Individuals with amnestic mild cognitive impairment (aMCI) are at twice the risk of others in their age group of progressing to Alzheimer’s disease. Currently there is no conclusive test that exists to predict who will develop Alzheimer’s. Now, research from The University of Texas, University of Illinois, UT Southwestern and John Hopkins University is attempting to identify a potential biomarker that could offer a more complete picture of who is most at risk.
The new study has identified a specific variation in brain waves of individuals with aMCI. The team state that the findings depict a pattern of delayed neural activity that is directly related to the severity of impairment in cognitive performance on a word finding task and may indicate an early dysfunction of progression to Alzheimer’s disease.
Previous studies show that impaired episodic memory, the ability to retain new memories such as recent conversations, events, or upcoming appointments, is a hallmark symptom of Alzheimer’s disease. While mild cognitive impairment (MCI) is the recognized clinical state between healthy aging and Alzheimer’s disease, aMCI is a specific type characterized by deficits in episodic memory.

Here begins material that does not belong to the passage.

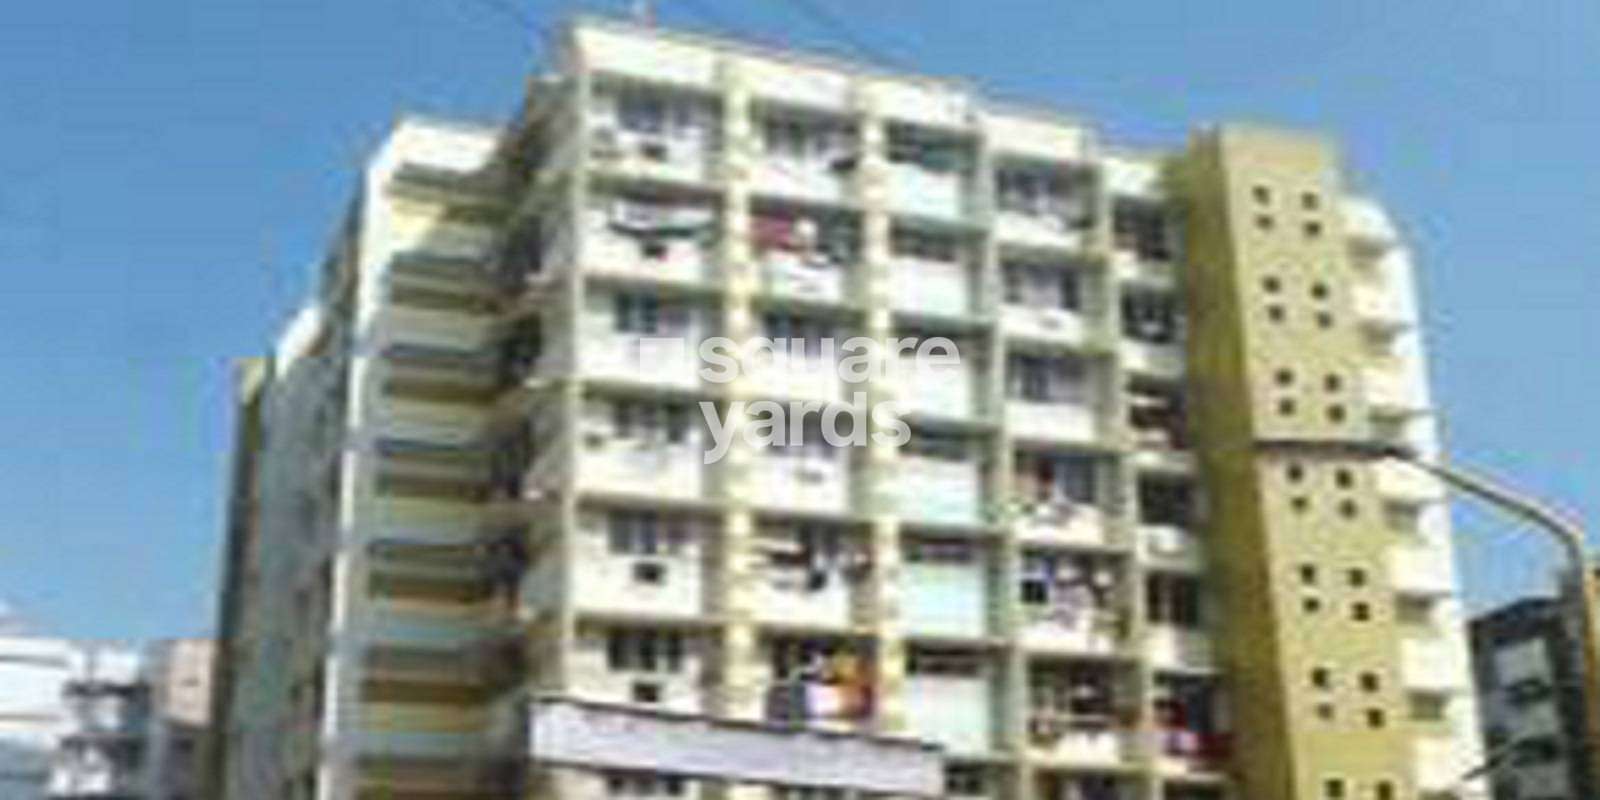 Vajreshwari Apartment Cover Image

In the current study the potential diagnostic approach utilizes electroencephalogram (EEG) technology, a more affordable and non-invasive alternative to other available methods such as MRI or a spinal tap, to measure neural responses while participants access semantic memory or long-term memory representative of general knowledge and concepts. The researchers explain that this is a promising start at looking at a group of MCI patients. They go on to add that the long-term goal is whether this can be applied to individual patients one day.
The data findings show that individuals with aMCI performed less accurately and more slowly on the semantic memory task than healthy controls. The results also showed that the EEG illustrated delayed brain activity during the task. When researchers took into account performance on an episodic memory evaluation, they found that the worse the episodic memory performance, the greater the delayed activity that appeared in the EEG.

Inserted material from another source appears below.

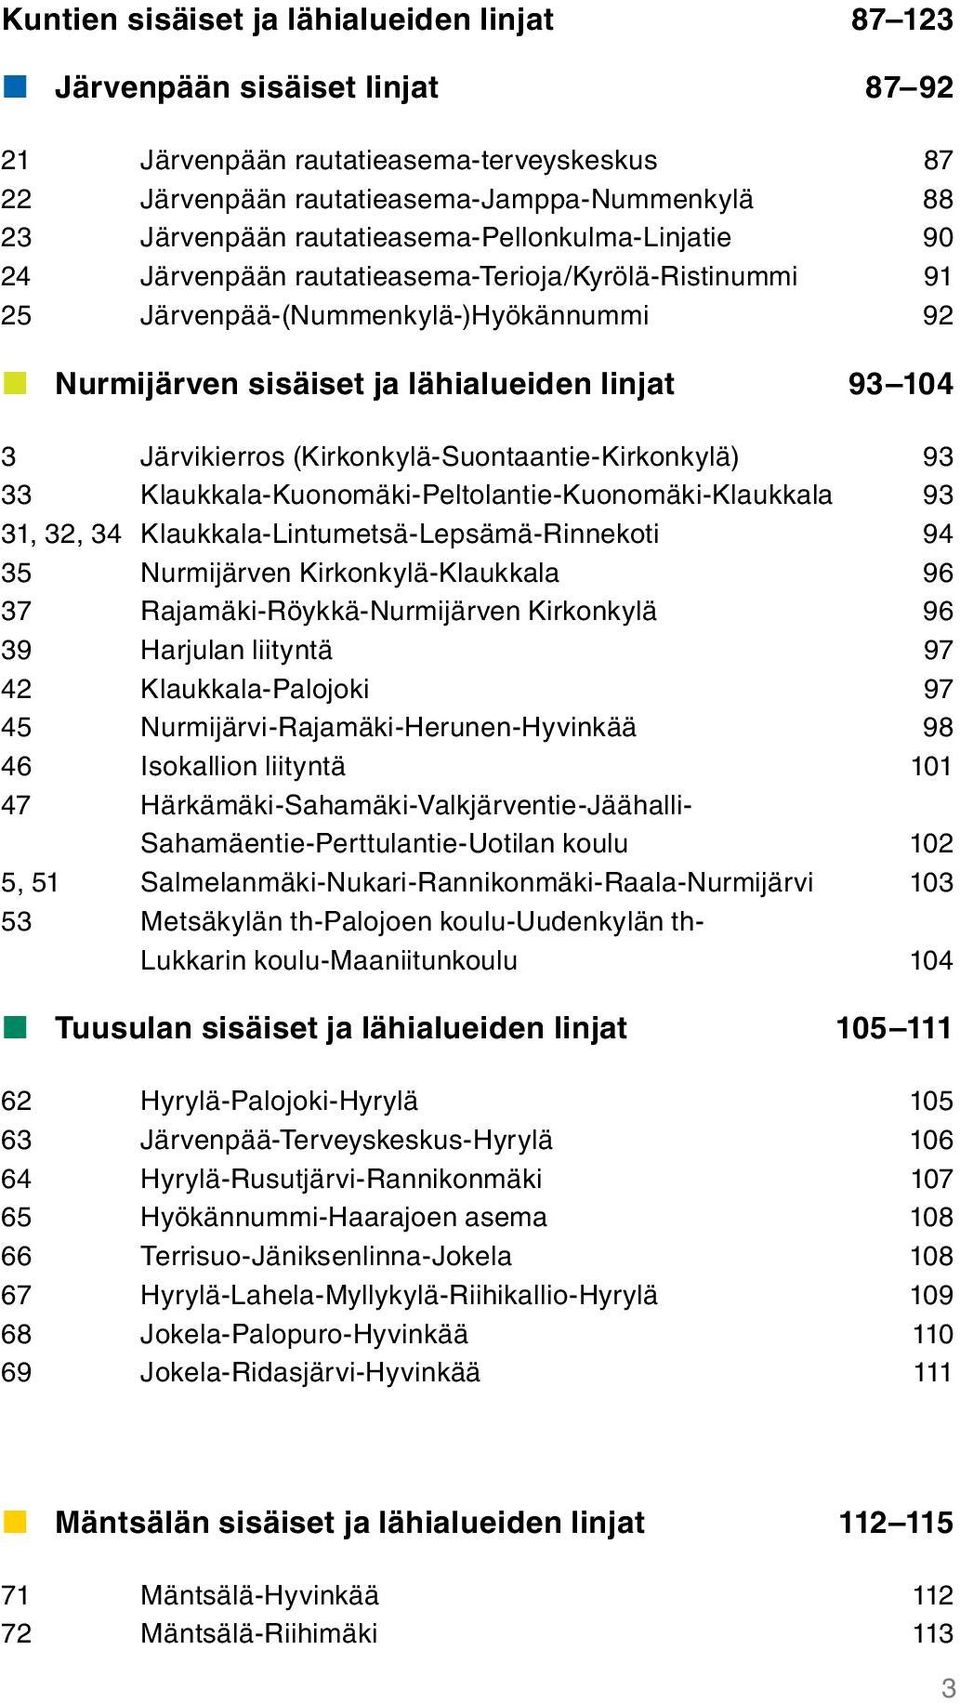 Järvikierros (Kirkonkylä-Suontaantie-Kirkonkylä) 93 33 Klaukkala-Kuonomäki-Peltolantie-Kuonomäki-Klaukkala 93 31, 32, 34 Klaukkala-Lintumetsä-Lepsämä-Rinnekoti 94 35 Nurmijärven Kirkonkylä-Klaukkala

For the current study 16 individuals with aMCI and 17 age matched healthy controls were monitored via EEG and presented with pairs of words that either described features of an object or were randomly paired. For example, ‘humps’ and ‘desert’ would evoke the memory of the word ‘camel’, however, ‘humps’ and ‘monitor’ would be considered a random pair. Participants were then asked to indicate by button press whether the pair conjured any particular object memory or not.

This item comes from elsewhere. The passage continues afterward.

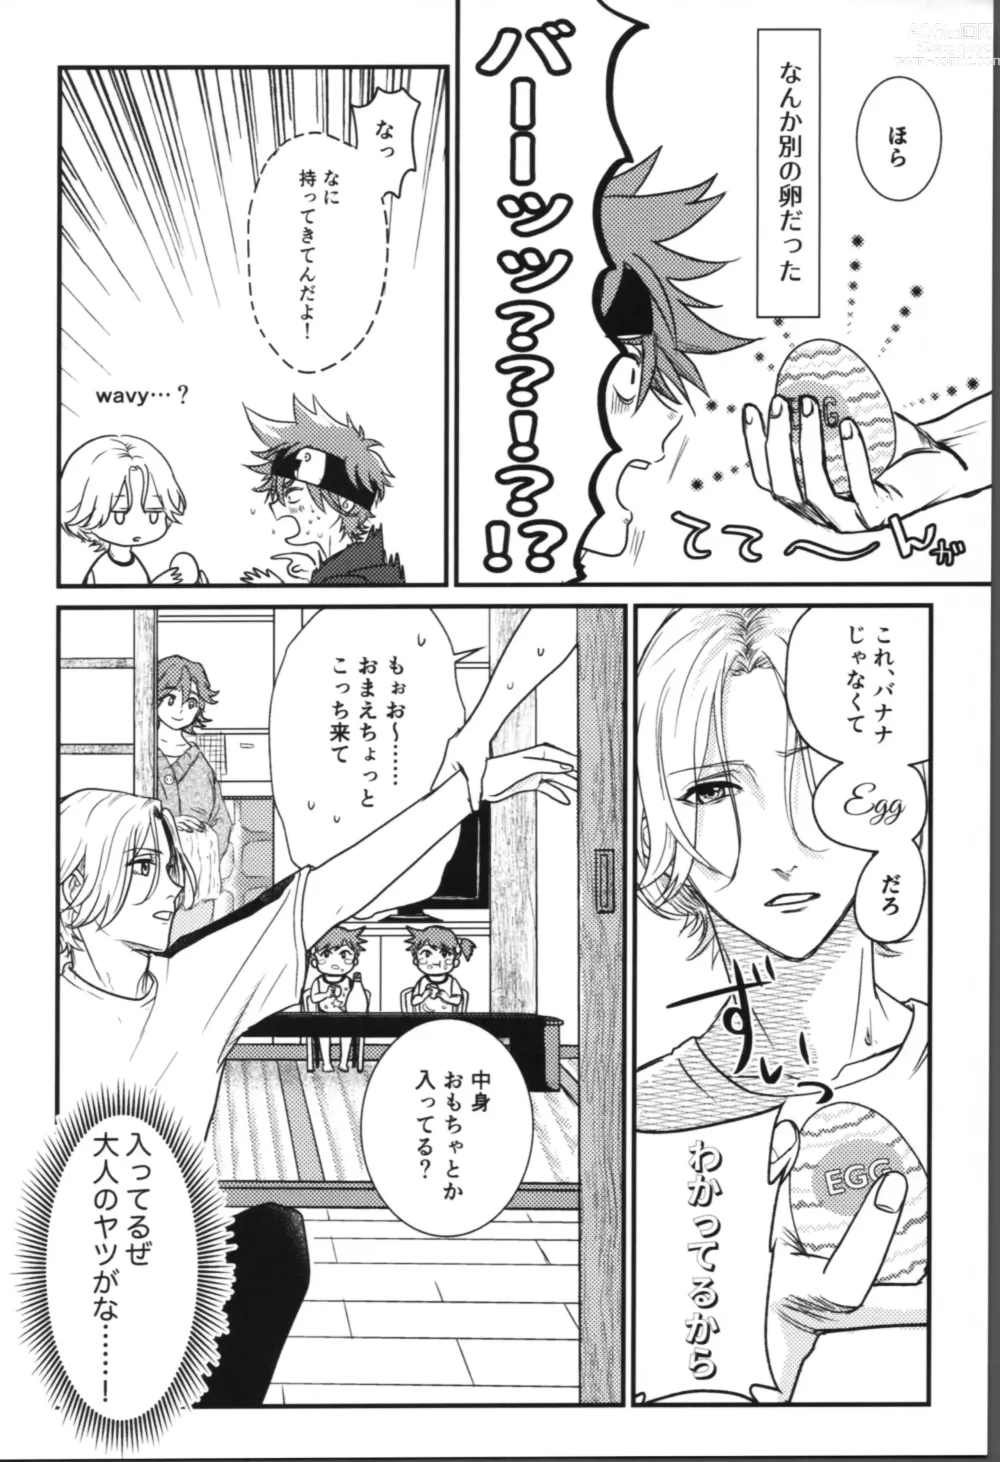 Page 6 of doujinshi Onaji ana no kijimuna

The majority of earlier EEG research in aMCI has focused on looking at the mind ‘at rest’, however, the current study observes the brain while it is engaged in the object memory retrieval process. The team hypothesize that this might be more sensitive and more specific in pointing out certain cognitive deficits, in this case semantic memory, than other non-EEG methods available, because EEG reflects direct neural activity. The researchers state that in the future this protocol could potentially provide complementary information for diagnosis of pre-dementia stages including MCI and identify neural changes that can occur in cases of Alzheimer’s disease.
The lab will continue to validate this prospective diagnostic tool that has the potential to help identify or predict those who may progress to Alzheimer’s disease. The team plans to recruit more participants and to follow them longitudinally in combination with other objective measures to examine the potentiality of applying this EEG tool as an early disease marker.